The user device can be authenticated with the relying party (stage 435). The relying party 110 can be configured to validate the authentication confirmation received from the user device by validating a digital signature of the OTP and/or other session-specific information and/or the authentication confirmation using the public key associated with the user device 145 that was provided to the FIDO server with the additional information in stage 410. The relying party 110 can also be configured to send a challenge to the user device to cause the FIDO client 130 to perform authentication FIDO authentication. An example of such a process is illustrated in FIG. 5.
FIG. 5 is a flow diagram of an process for authentication according to the disclosure. The process illustrated in FIG. 5 can be implemented by a user device, which can provide the means for performing the various stages of the process of FIG. 5. The user device can be similar to user device 145 of FIG. 1 or user device 245 illustrated in FIG. 2, which can in turn, be implemented by a computing device, such as the example computing device 1500 illustrated in FIG. 15. The process illustrated in FIG. 5 can be used to implement, at least in part, stage 435 of the process illustrated in FIG. 4. The process illustrated in FIG. 5 can be used to implement, at least in part, the process illustrated in FIG. 1. The order of the stages of the process can be altered and additional stages can be added and/or one or more of the stages discussed herein may be omitted in some implementations.
An authentication challenge can be received from the relying party (stage 505). The relying party 110 can also be configured to send a challenge to the user device to cause the FIDO client 130 to perform authentication FIDO authentication. The relying party 110 and the user device can be configured to support other platform-specific authentication challenges.
An authentication can be performed to generate a platform-specific authentication assertion (stage 510). The user of the user device 145 can perform an authentication action associated with a FIDO authenticator, such as the FIDO authenticator 135. The FIDO authenticator 135 can generate an assertion and provide the assertion to the FIDO client 130. The user device 145 can include other types of platform-specific authenticators and can prompt one or more authenticators to perform an authentication action responsive to the challenge from the relying party 110 where the relying party 110 and the user device 145 are configured to utilize other platform-specific authentication protocols instead of or in addition to FIDO.
The platform-specific authentication assertion can be provided to the relying party (stage 515). The FIDO authenticator 135 of the user device can be configured to send the assertion to the relying party via network interface or other communication interface of the user device.
FIG. 6 is a flow diagram of an process for authentication according to the disclosure. The process illustrated in FIG. 6 can be implemented by a user device, which can provide the means for performing the various stages of the process of FIG. 6. The user device can be similar to user device 145 of FIG. 1 or user device 245 illustrated in FIG. 2, which can in turn, be implemented by a computing device, such as the example computing device 1500 illustrated in FIG. 15. The process illustrated in FIG. 6 can be used to implement, at least in part, stage 305 of the process illustrated in FIG. 3. The process illustrated in FIG. 6 can be used to implement, at least in part, the process illustrated in FIG. 2. The order of the stages of the process can be altered and additional stages can be added and/or one or more of the stages discussed herein may be omitted in some implementations.
A request can be sent to the relying party for provisioning of a platform-specific authentication credential (stage 605).
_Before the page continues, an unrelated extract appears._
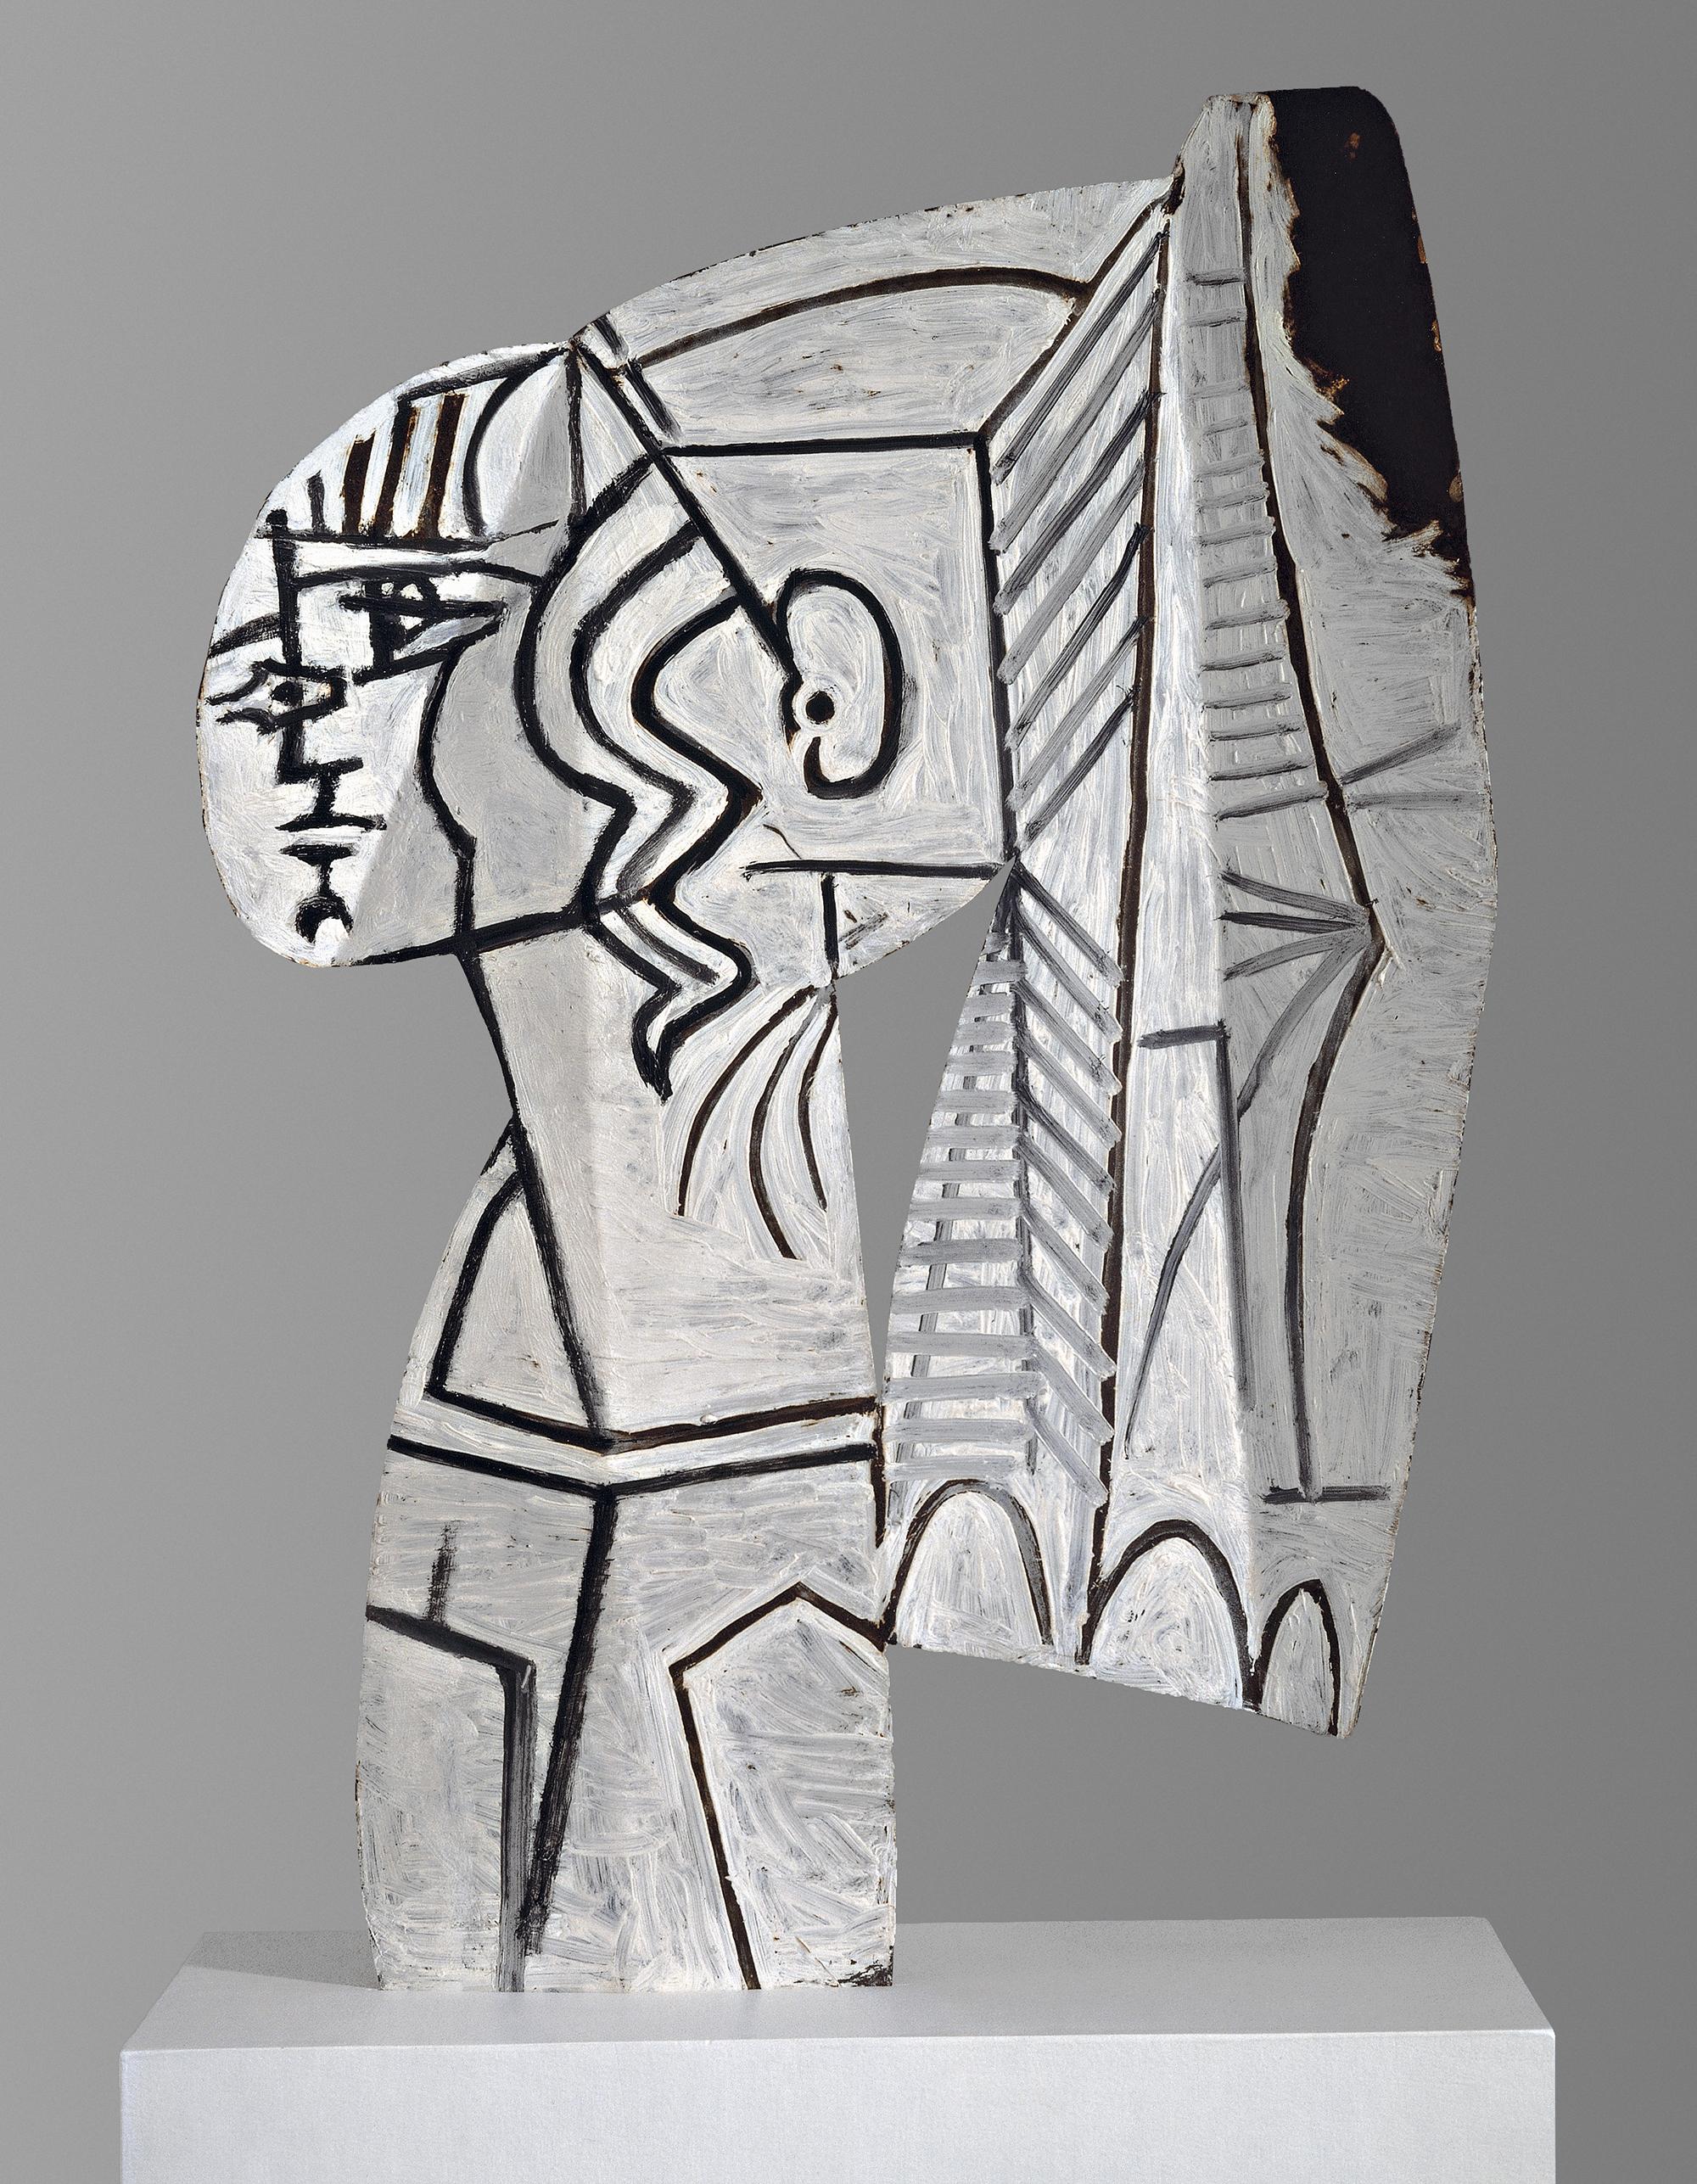 04.-Picasso.-Retrats_Pablo-Picasso_Sylvette
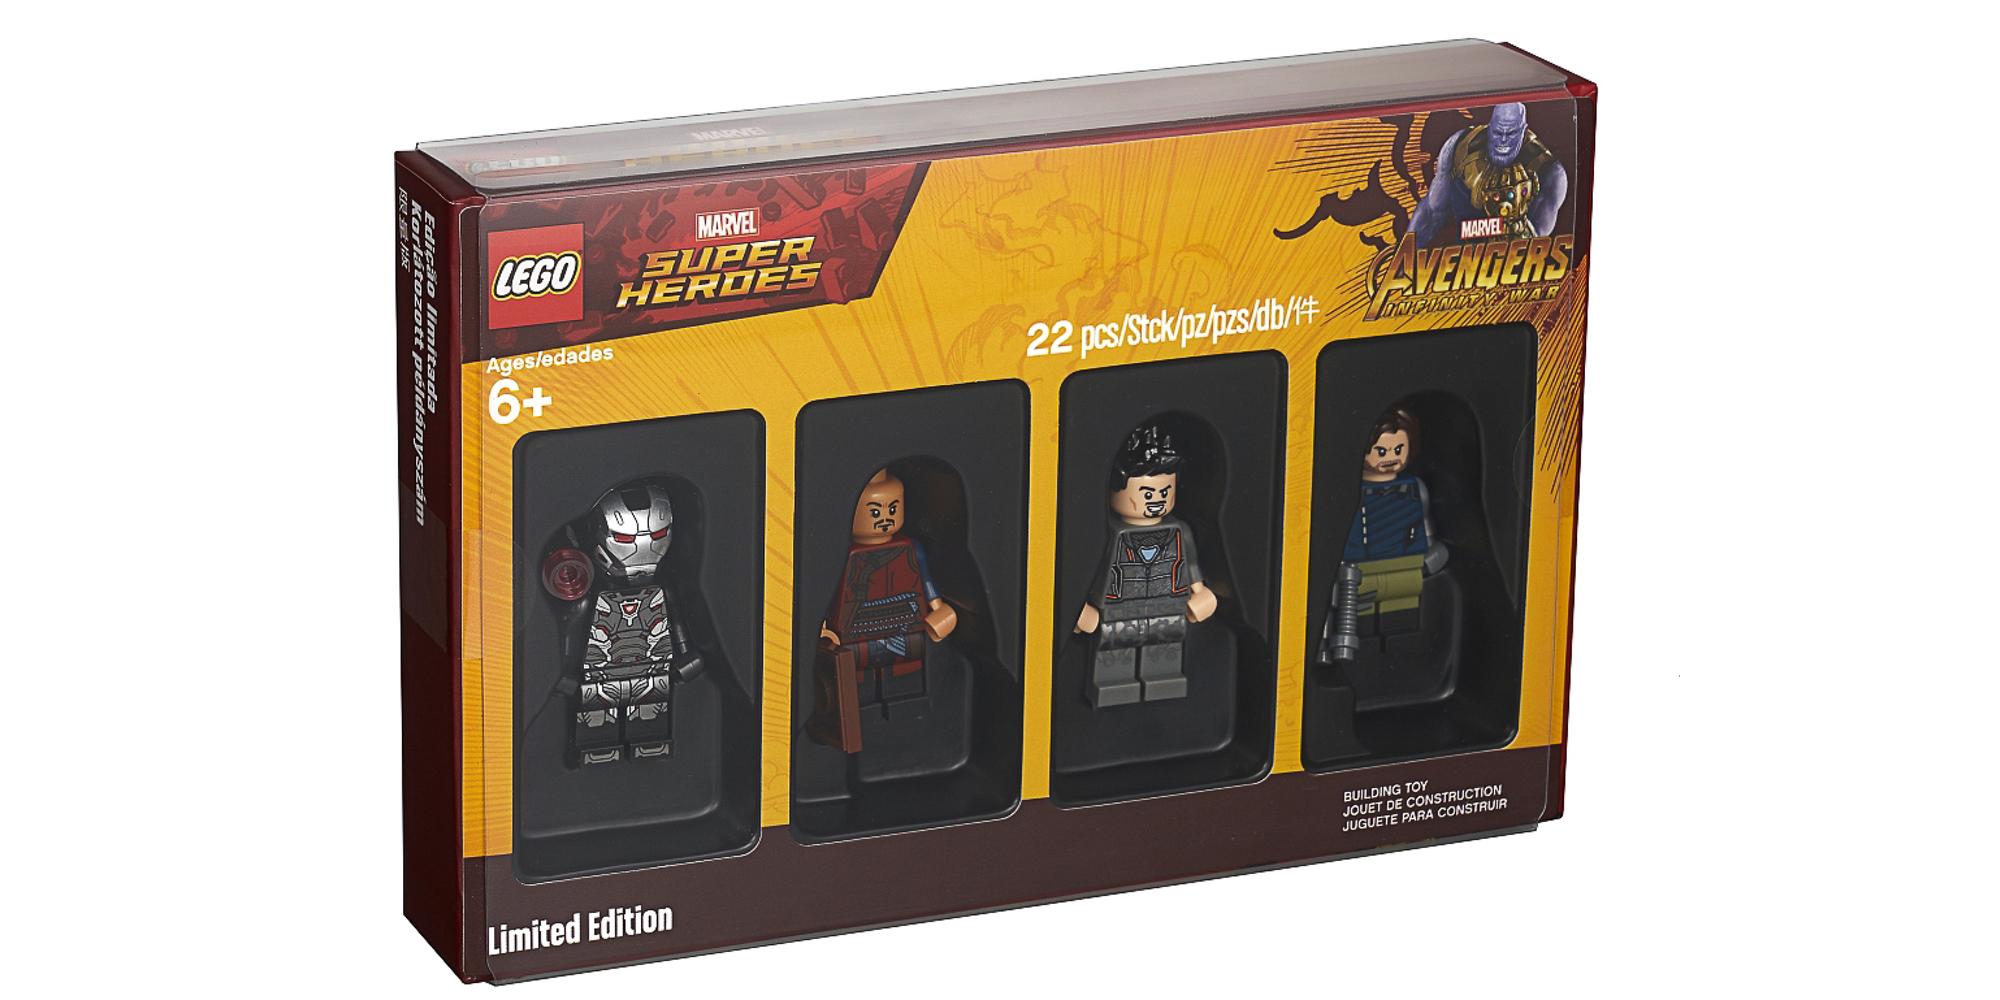 LEGO Avengers Minifigure Pack Box Art

The relying party (RP) application of the FIDO client 130 of the user device can be configured to send an HTTP request to the relying party 210 to request the provisioning of the platform-specific authentication credential. The request can include a request for a platform-specific authentication credential, and attestation information and other information associated with the user device, such as a public key of a private key-public key pair associated with the user device. The platform-specific authentication credential is not generated by the user device as in the example process discussed above with respect to FIG. 1. Instead, the platform-specific authentication credential for the user device is provisioned by the relying party 210 later in the process 200.
A one-time password can be received from the relying party 110 (stage 610). The relying party 210 can be configured to receive the request for provisioning of a platform-specific authentication credential and to direct the user device to log into the authentication server 250. The relying party 210 can be configured to generate a one-time password (OTP) and/or other session specific information responsive to receiving the request from the user device. The relying party 210 can then be configured to send the OTP and/or other session specific information to the user device, and the user device can be configured to receive the OTP and/or other session specific information via a network interface or other communication interface. The relying party 210 can be configured to direct the user device to log into the authentication server 250 using a captive portal response (HTTP 511 response) which includes the OTP and/or other session-specific information.
The one-time password and federation credentials can be provided to an authentication server to establish the platform-specific authentication credential associated with the federation credentials (stage 615). The user device can be configured to receive the redirect response from the relying party 210, to extract the OTP and/or other session specific information from the redirect response, and to send an HTTP request to the authentication server 250. The HTTP request to the authentication server can include federation credentials (such as a username and/password and/or other federation credentials) and the OTP and/or other session-specific information provided by the relying party 210.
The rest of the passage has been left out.